In youth, senescent cells are promptly destroyed, either through programmed cell death mechanisms, or by attracting the attention of immune cells. In later life, the immune system becomes less efficient in its task of clearing senescent cells. This leads to a growing burden of lingering senescent cells. While the signals generated by senescent cells are useful in the short-term, when sustained over the long-term they become disruptive to tissue structure and function, contributing to the chronic inflammation of aging. Researchers are coming to see the inflammation of aging as an important mechanism in the aging of the brain and the onset of neurodegenerative conditions, and so attention is turning, slowly, to whether clearance of senescent cells is a viable treatment for Alzheimer’s disease, Parkinson’s disease, and other paths to dementia.
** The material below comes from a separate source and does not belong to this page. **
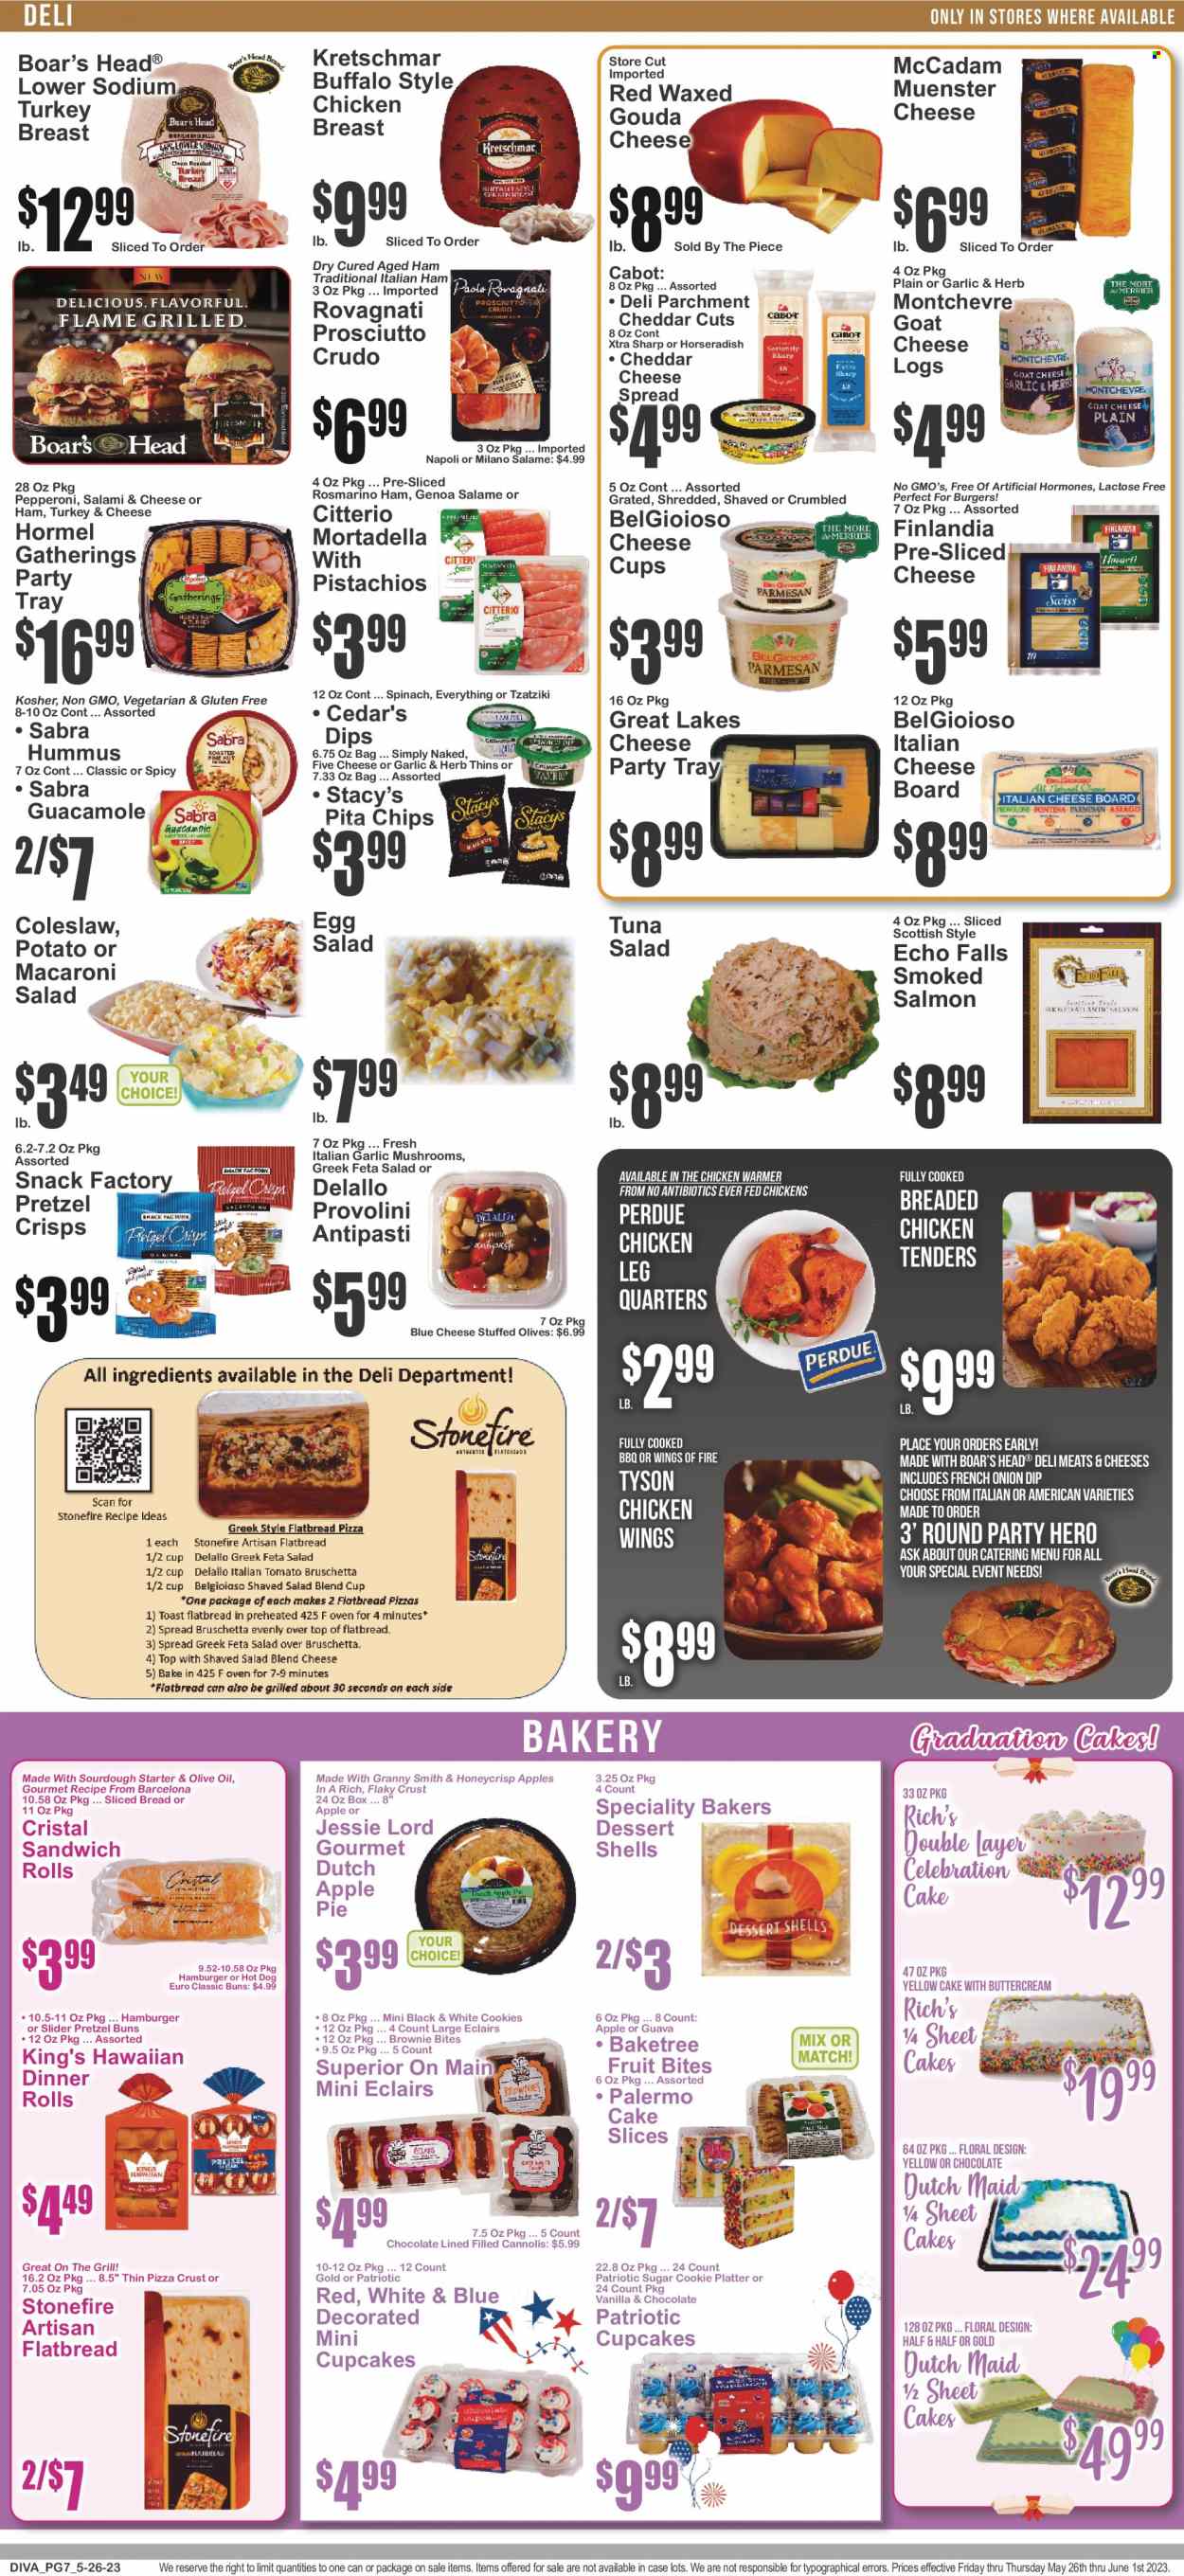 thumbnail - Key Food Flyer - 05/26/2023 - 06/01/2023 - Sales products - mushrooms, bread, cake, dinner rolls, flatbread, sandwich rolls, apple pie, cupcake, brownies, dessert shells, dessert, horseradish, guava, Granny Smith, salmon, smoked salmon, tuna, coleslaw, hot dog, pizza, hamburger, fried chicken, Perdue®, Hormel, Boar's Head, ready meal, mortadella, salami, prosciutto, snack, tzatziki, hummus, cheese spread, guacamole, macaroni salad, tuna salad, antipasti, blue cheese, gouda, sliced cheese, cheese cup, Münster cheese, feta, Montchevre, chicken wings, cookies, Celebration, chips, Thins, pretzel crisps, pita chips, sourdough starter, sugar, olives, olive oil, oil, chicken breasts, chicken legs, turkey, XTRA, cup, cheese board, platters, Bakers, Half and half. Page 8.

Cellular senescence in brain aging and cognitive decline
The mechanisms underlying brain aging have garnered significant attention due to the significant number of patients suffering from dementia and Alzheimer’s disease (AD). The cost of managing these patients exceeds that of cancer and cardiovascular disease patients combined. Importantly, however, cognitive decline is observable in individuals without AD or overt neurodegenerative changes. Age-related mild cognitive impairment (MCI) and late-onset AD can be mechanistically explained by processes governing biological aging. Currently, 12 biological aging hallmarks have been identified: genomic instability, telomere attrition, epigenetic alterations, loss of proteostasis, altered nutrient sensing, mitochondrial dysfunction, stem cell exhaustion, altered intracellular communication, cellular senescence, disabled macroautophagy, chronic inflammation (i.e., inflammaging), and gut microbiome dysbiosis. The geroscience hypothesis posits that age-related diseases arise from the cumulative effects of these biological aging hallmarks and that targeting them constitutes an avenue to ameliorate age-related diseases.
Cellular senescence describes a state of cell cycle arrest accompanied by characteristic morphological, cellular, and molecular changes. Studies using pharmacological targeting of senescent cells (SCs), transplanting SCs, and transgenic mouse models have demonstrated a causal relationship between SC accumulation and age-related tissue dysfunction, with addition of SCs being shown to accelerate aging phenotypes on the one hand and clearance being shown to alleviate them on the other. In the brain, SCs become more abundant with aging in mice, which is associated with cognitive decline, and their depletion mitigates neuroinflammation and delays cognitive decline.
This review explores the association between cellular senescence and age-related cognitive decline. We also discuss how cellular senescence may underlie cognitive decline in different patient populations that exhibit a premature brain aging phenotype. These patients include cancer survivors, traumatic brain injury (TBI) patients, obese individuals, obstructive sleep apnea (OSA) patients, and chronic kidney disease (CKD) patients. Understanding the role of senescence in cognitive decline is essential, especially considering the rapidly evolving field of senotherapeutics. Targeting SCs could mitigate early brain aging and reduce a significant burden on patients, healthcare systems, and society.